Sunday, February 26, 2006

Embracing the rhizome

As is hopefully clear, while I have a great interest and respect for the Talmud and do study it daily, I am also open to a wide range of other influences and ideas as well. Some of these I hope to share over time.

Today, I would like to share some quotes from the French philosopher Gilles Deleuze. They come from his work with Felix Guattari entitled A Thousand Plateaus: Capitalism and Schizophrenia.

The life and energy and possibilities that they create in this book are a marvelous antidote for the closed-minded, fundamentalist thinking (Right or Left; Jewish or Catholic or Muslim or Buddhist; American or Canadian or European or Asian; etc.) that is engulfing our planet.

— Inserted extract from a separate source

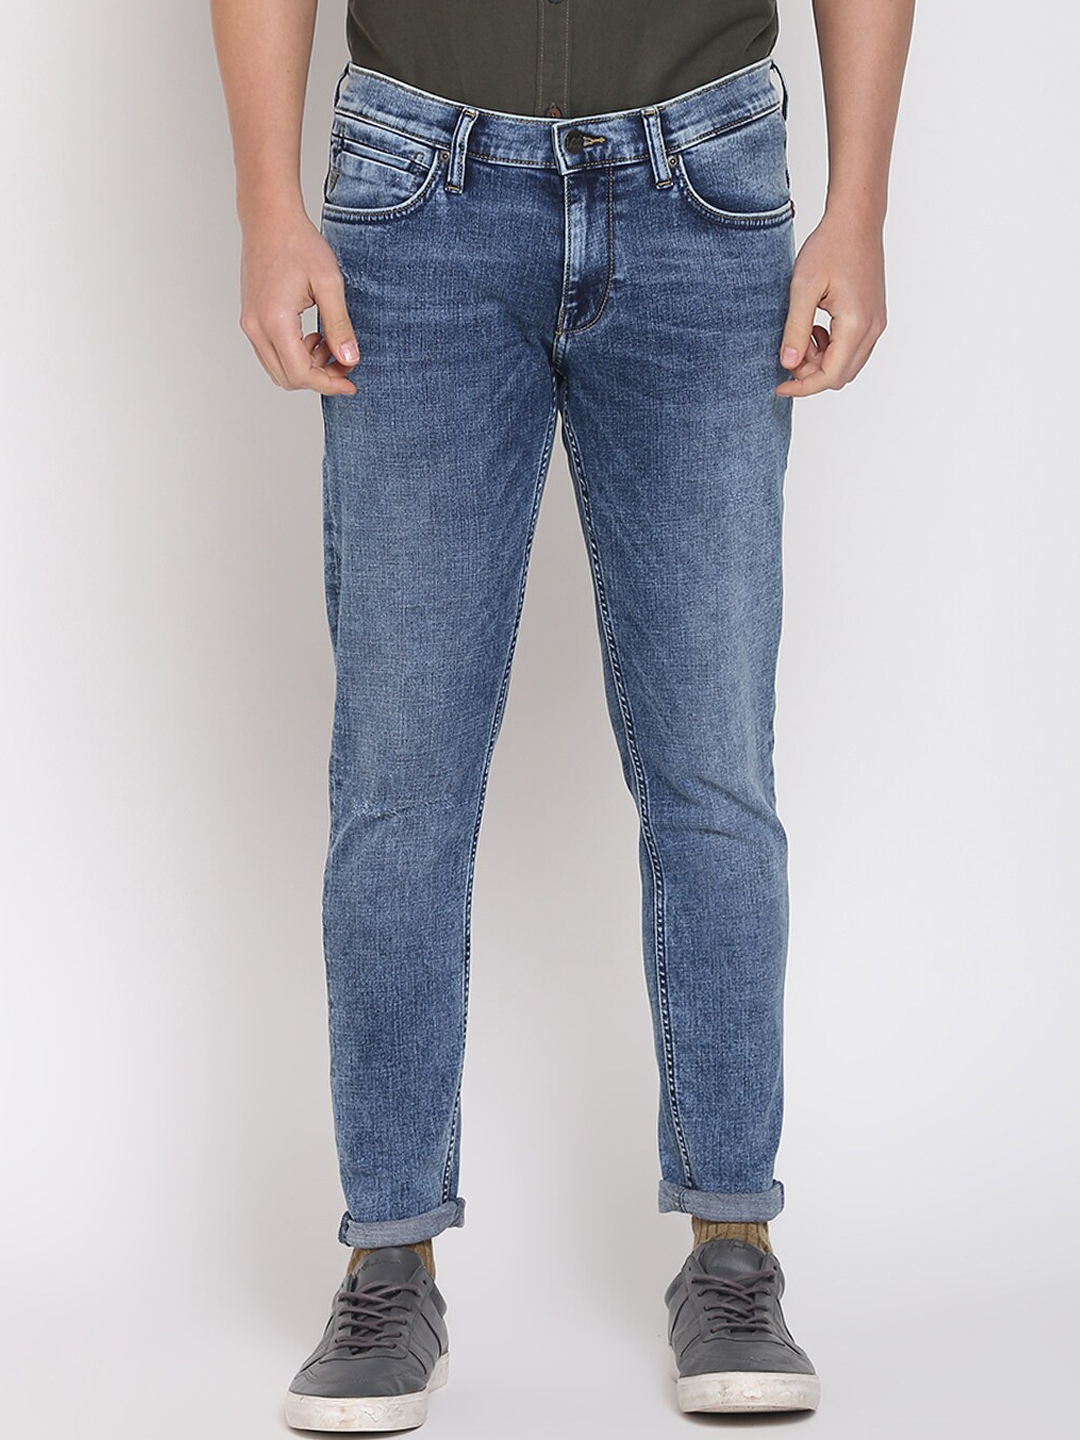 Lee Men s Jeans Best Price in India | Lee Men s Jeans Compare Price ...

Deleuze and Guattari try to paint a path out of this thinking -- creating what they call "lines of flight" and giving us the wonderful image of the "rhizome" as compared to the "tree." I will let them speak for themselves now:

A rhizome as subterranean stem is absolutely different from roots and radicles. Bulbs and tubers are rhizomes. . . . Rats are rhizomes. p6-7

The rhizome includes the best and the worst: potatoe and couchgrass or the weed. p7

Principles of connection and heterogeneity: any point of a rhizome can be connected to anything other, and must be. This is very different from the tree or root, which plots a point, fixes an order. p7

A rhizome may be broken, shattered at a given spot, but it will start up again on one of its old lines, or on new lines. . . . p9


When we become too attached to our "tree," we restrict movement, growth and life for ourselves and others. Our challenge is to recognize the rhizomatic nature of our lives and embrace it. If we do, we will make and see connections that before we would never dream possible. And NOTHING will be outside us, NOTHING will be excluded because as the D & G state "the rhizome includes the best and worst." Only by embracing it ALL can we create this world anew.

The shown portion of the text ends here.